TASK DESCRIPTION »
Using the material below, print a verbatim copy of every line from the one containing "J. Cole US-amerikanischer" through the one containing "Disney Pixar Inside", inclusive, and omit the pictures.

INPUT DATA »
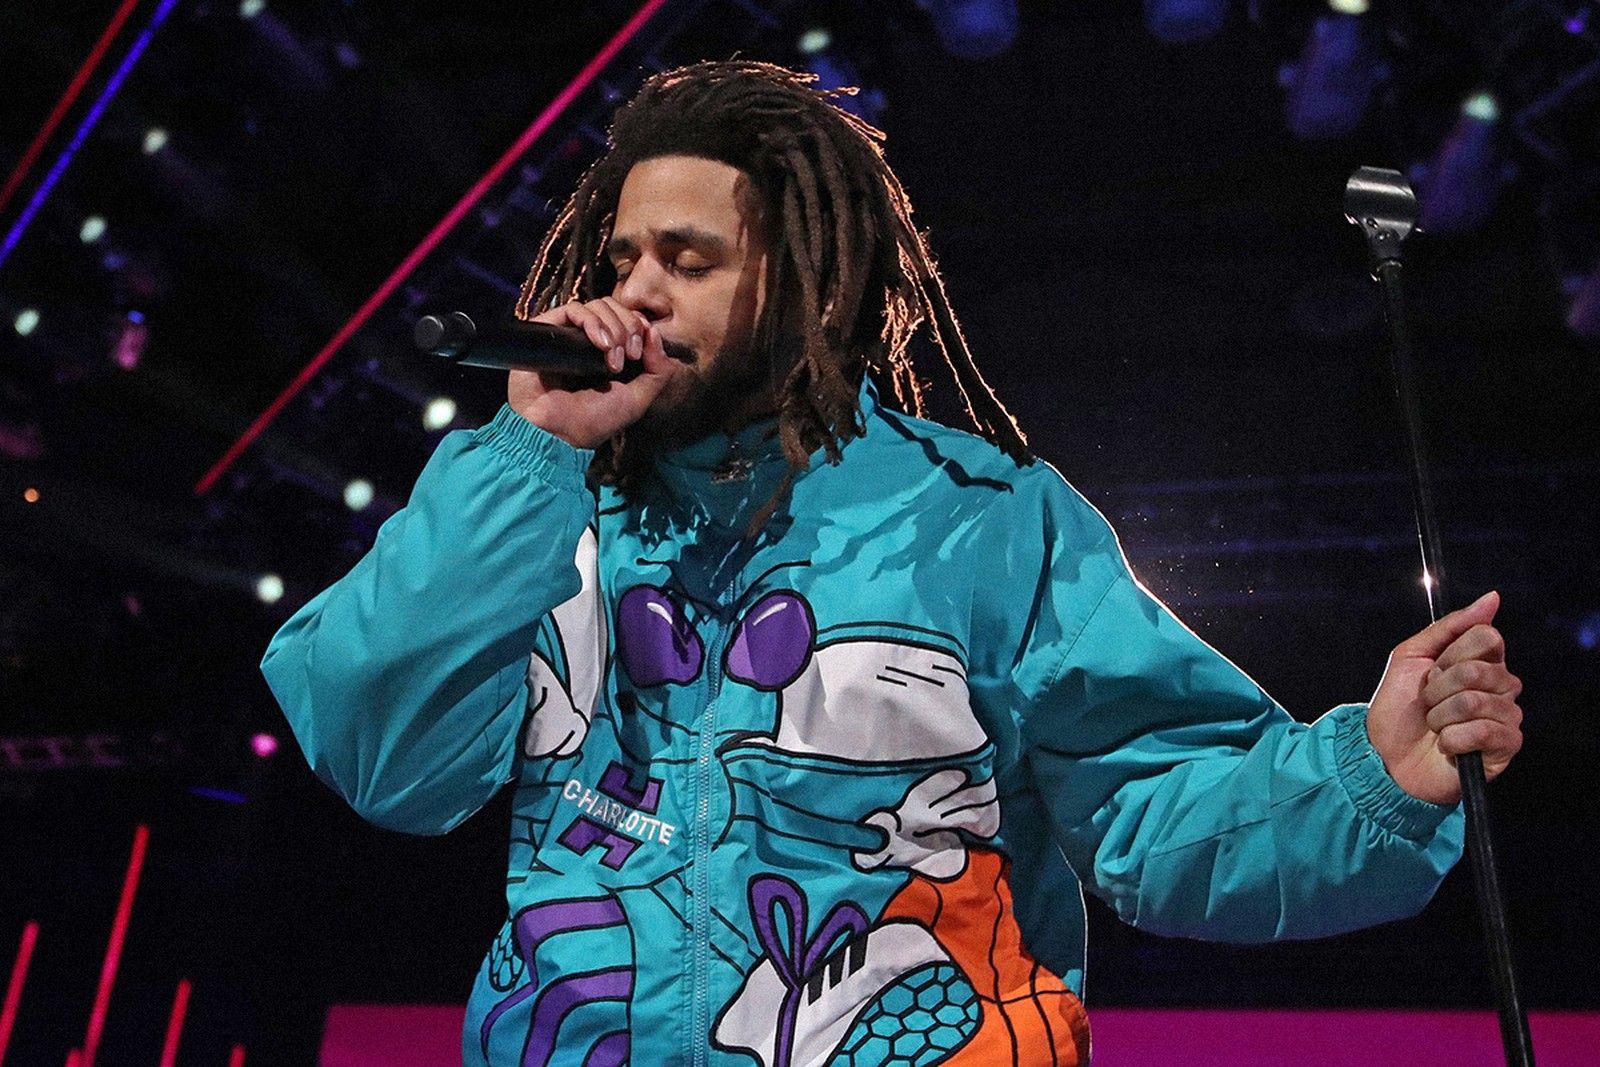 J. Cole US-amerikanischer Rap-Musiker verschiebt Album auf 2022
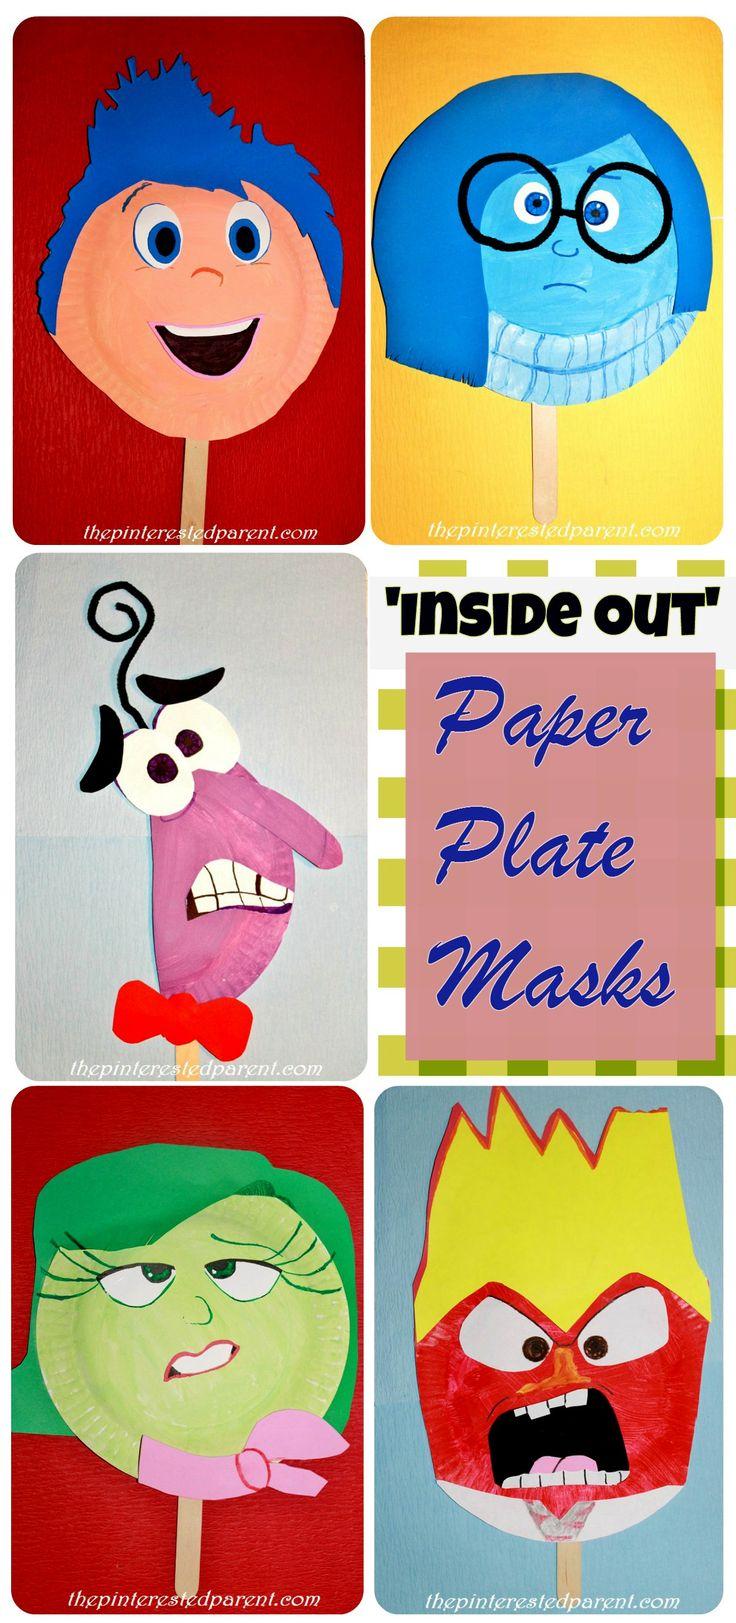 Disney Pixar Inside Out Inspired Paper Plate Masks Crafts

---

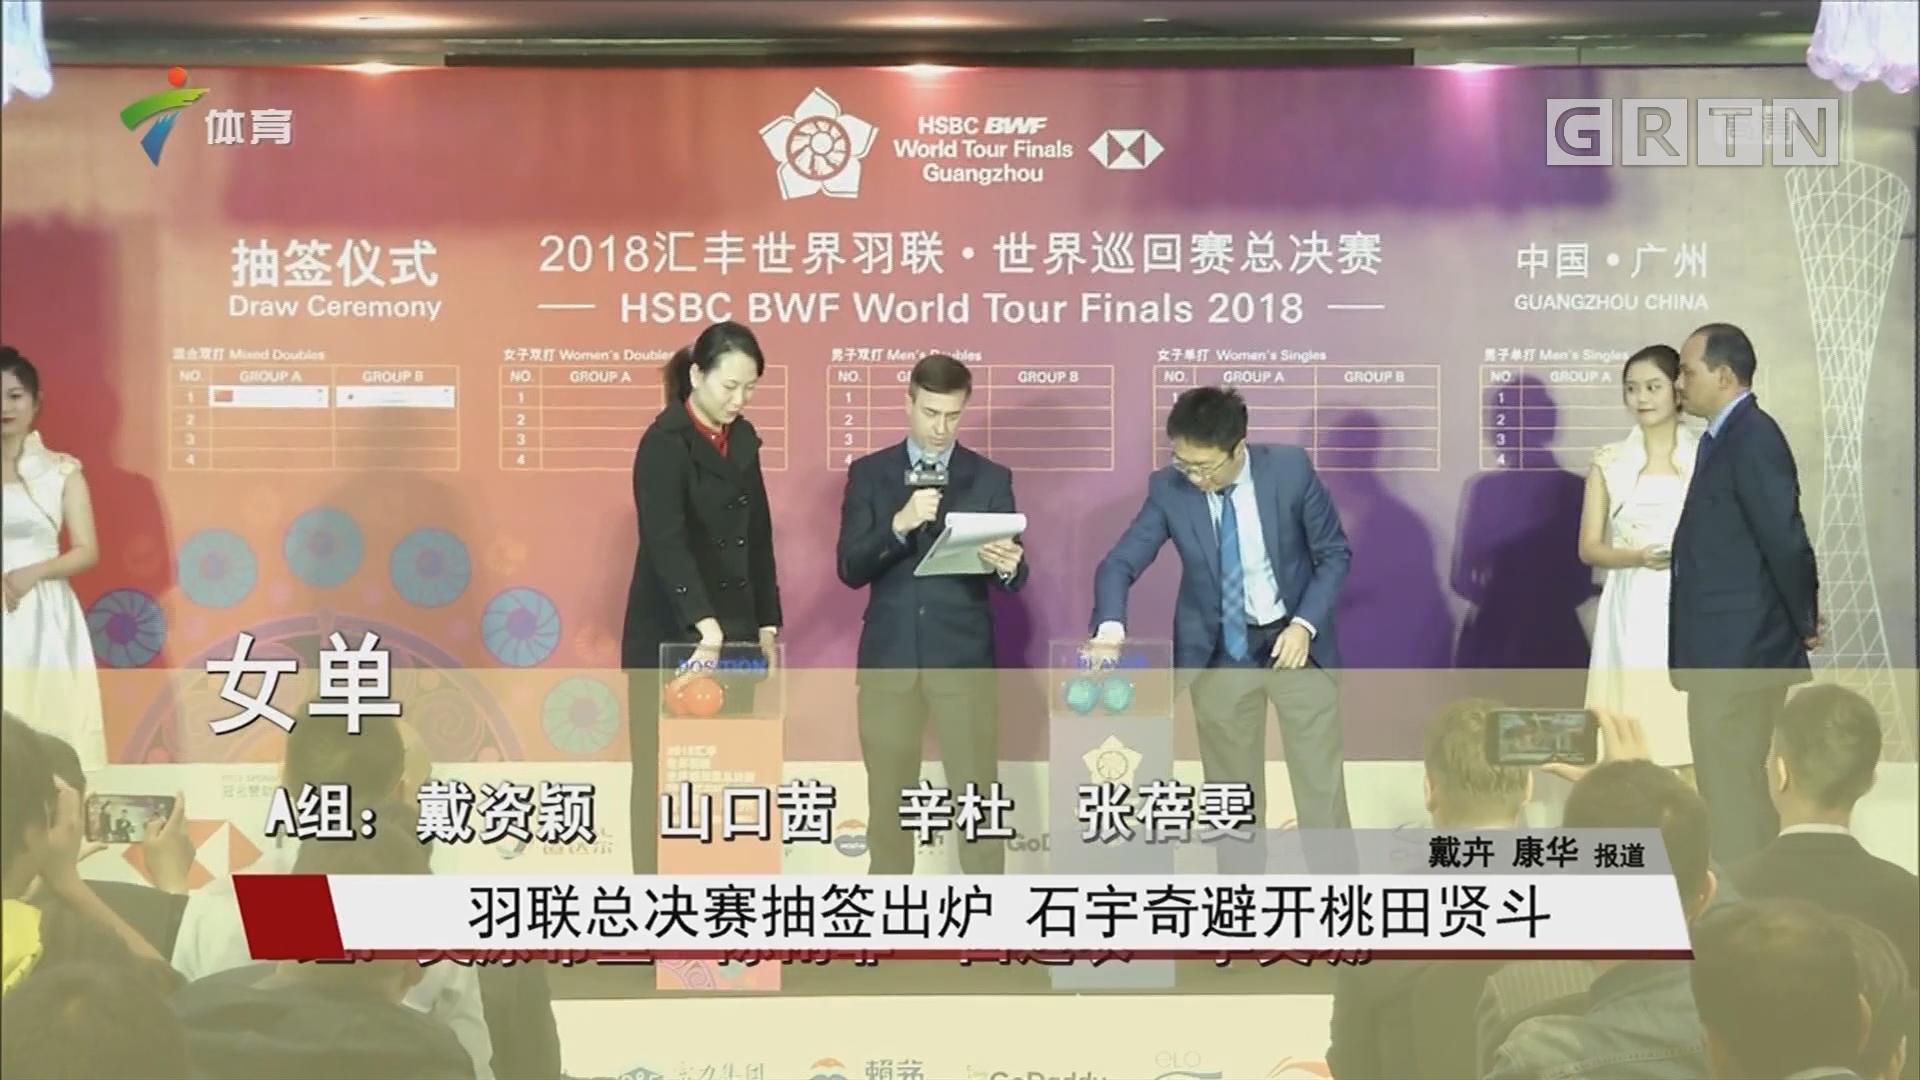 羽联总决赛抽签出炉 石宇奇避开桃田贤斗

SOLVED EXERCISE »
 J. Cole US-amerikanischer Rap-Musiker verschiebt Album auf 2022
 Disney Pixar Inside Out Inspired Paper Plate Masks Crafts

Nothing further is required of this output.